Il 12 giugno il giudice per le indagini preliminari del Tribunale di Genova, accoglie la richiesta dei magistrati che da tempo seguono le denuncie sull'inquinamento provocato dall'Ilva e ordina il sequestro preventivo della cockeria. Nella sua ordinanza il GIP spiega la sua decisione con la "preminente rilevanza del bene - salute" e richiama le allarmanti conclusioni dei due periti nominati dal pubblico ministero. I periti hanno riscontrato un continuo superamento dei limiti di emissione di polveri i cui effetti si riscontrano in modo evidente fino a 1,5 chilometri dal perimetro dell'impianto e un aumento della mortalità per tumore fra gli abitanti di Cornigliano.

Ancora una volta la risposta padronale non si fa attendere: Riva informa che manderà a casa non solo gli addetti alla cockeria ma tutti gli operai del "ciclo caldo", in totale circa 1100 persone. Appena la notizia si diffonde gli operai decidono di uscire dalla fabbrica e di dirigersi verso la sede della Regione. Da qui gli scontri con la polizia e la susseguente decisione di rinviare di 10 giorni ogni decisione. Il 16 giugno uno degli uomini forti di Berlusconi, Letta, comunica alla stampa che la convocazione delle parti a Roma "è imminente".

AMBIENTE E OCCUPAZIONE: I FALLIMENTI DELL'UTOPIA RIFORMISTA

Cornigliano è una "patata bollente" che mette a nudo tutti i limiti della sinistra istituzionale. Pur avendo a disposizione i mezzi dati dal controllo del governo centrale a Genova la sinistra ha mostrato tutta la sua impotenza. Sia a livello locale (dove la sinistra controlla Comune e Provincia di Genova) che a livello governativo, i riformisti si sono dimostrati subordinati agli interessi dell'Ilva.
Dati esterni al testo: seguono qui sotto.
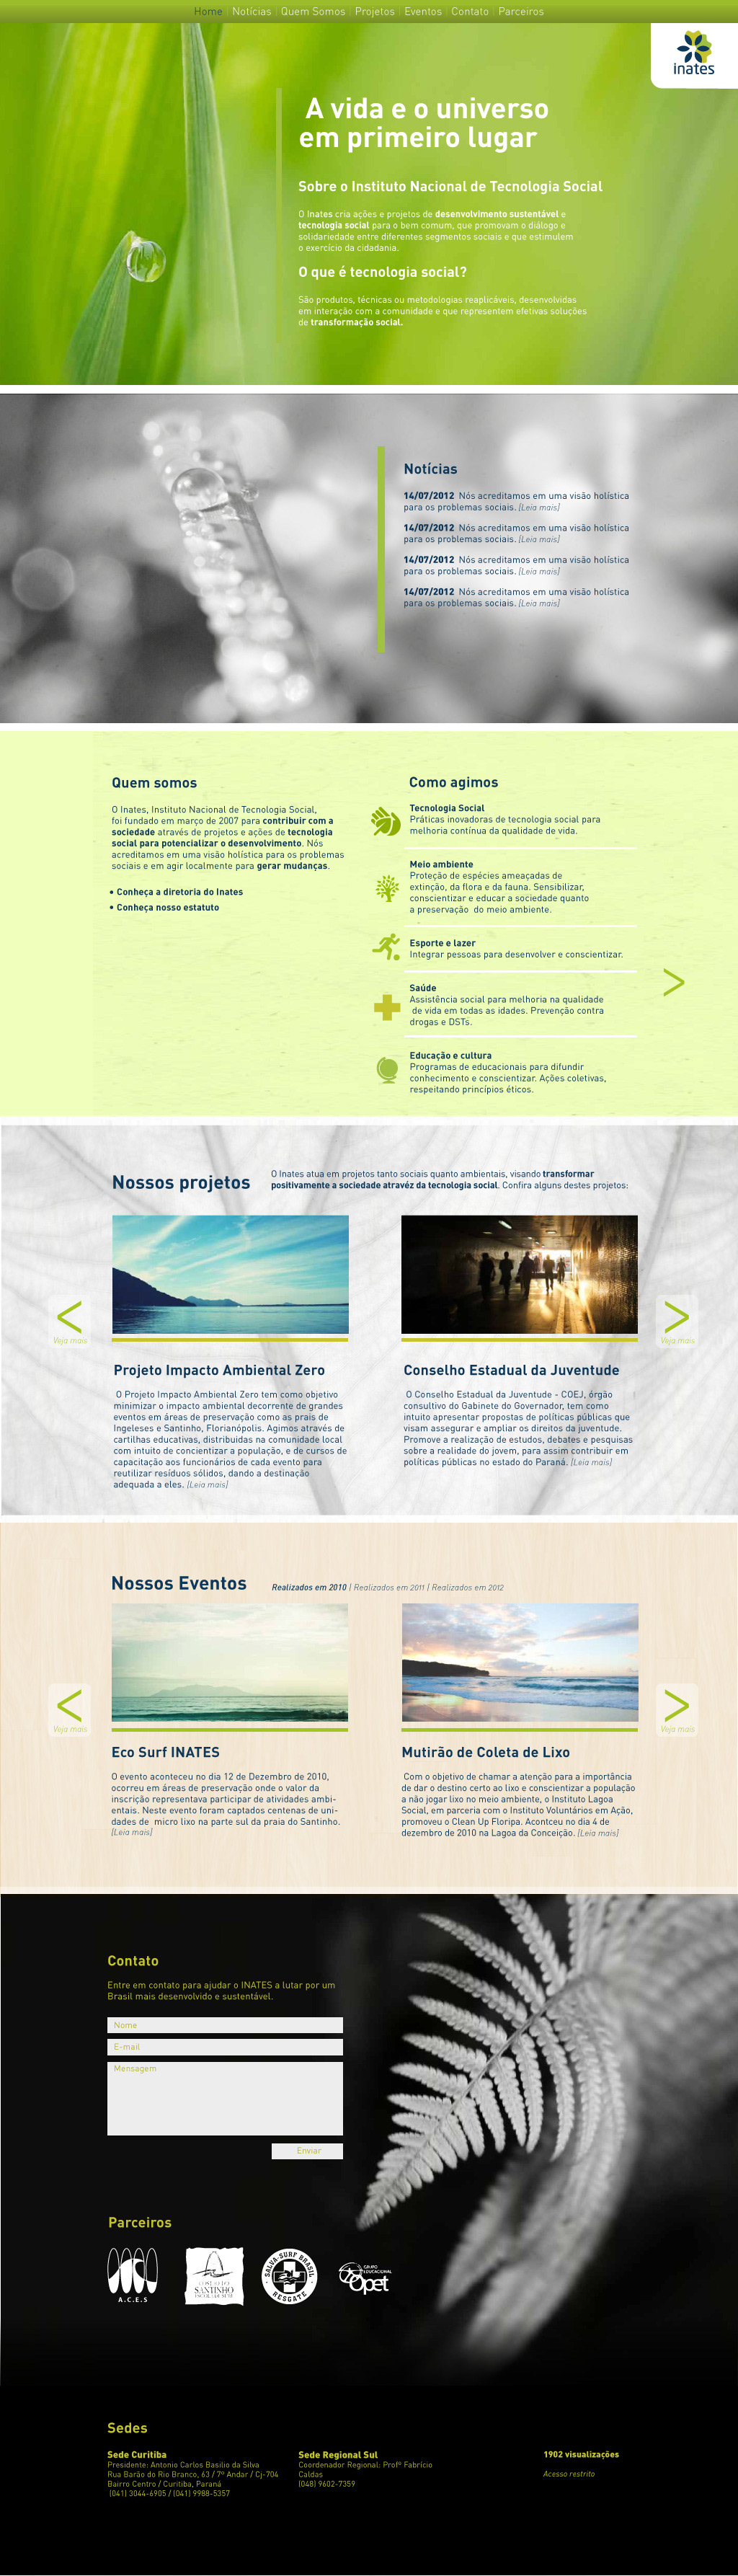 brand identidade visual ong one page site redesign

Il gruppo Riva, infatti, per più di un anno ha potuto infischiarsene degli impegni presi con l'Accordo di programma e ha giocato al tanto peggio tanto meglio, puntando tutto sul ricatto occupazionale e sull'incapacità del sindacato di andare oltre la pur sacrosanta difesa dei posti di lavoro. Gli operai hanno diritto ad un lavoro pulito e non inquinante - perché è bene ricordare che le prime vittime dell'inquinamento provocato dalla siderurgia sono proprio i lavoratori siderurgici - così come le popolazioni hanno diritto a vivere respirando aria e non polveri cancerogene. La soluzione non è quella di allontanare le fabbriche dal centro città come vorrebbero gli industriali dell'acciaio - una fabbrica inquinante fa male a Genova come a 50 km da Genova - ma è quello di costruire un modo di produzione ecologicamente compatibile facendo delle esigenze ecologiche le basi dell'attività economica. Questo significa lottare contro il degrado ambientale, dentro e fuori la fabbrica.

Per scendere nel particolare, ritengo prioritario battersi perché:

1. La cockeria venga chiusa;

2. Il resto dell'impianto venga sottoposto a Valutazione di impatto ambientale con l'obiettivo dell'emissione zero inquinanti;

3. La parte dell'area lasciata dall'Ilva venga bonificata e riconvertita a produzioni non inquinanti.

Come si vede non sono proposte "barricadiere" ma ritengo che attorno a queste proposte e ai relativi progetti sarebbe possibile iniziare quel processo di trasformazione, dentro e fuori la fabbrica, che svincoli gli operai dal ricatto occupazionale legandoli alle esigenze di salvaguardia della salute e dell'ambiente.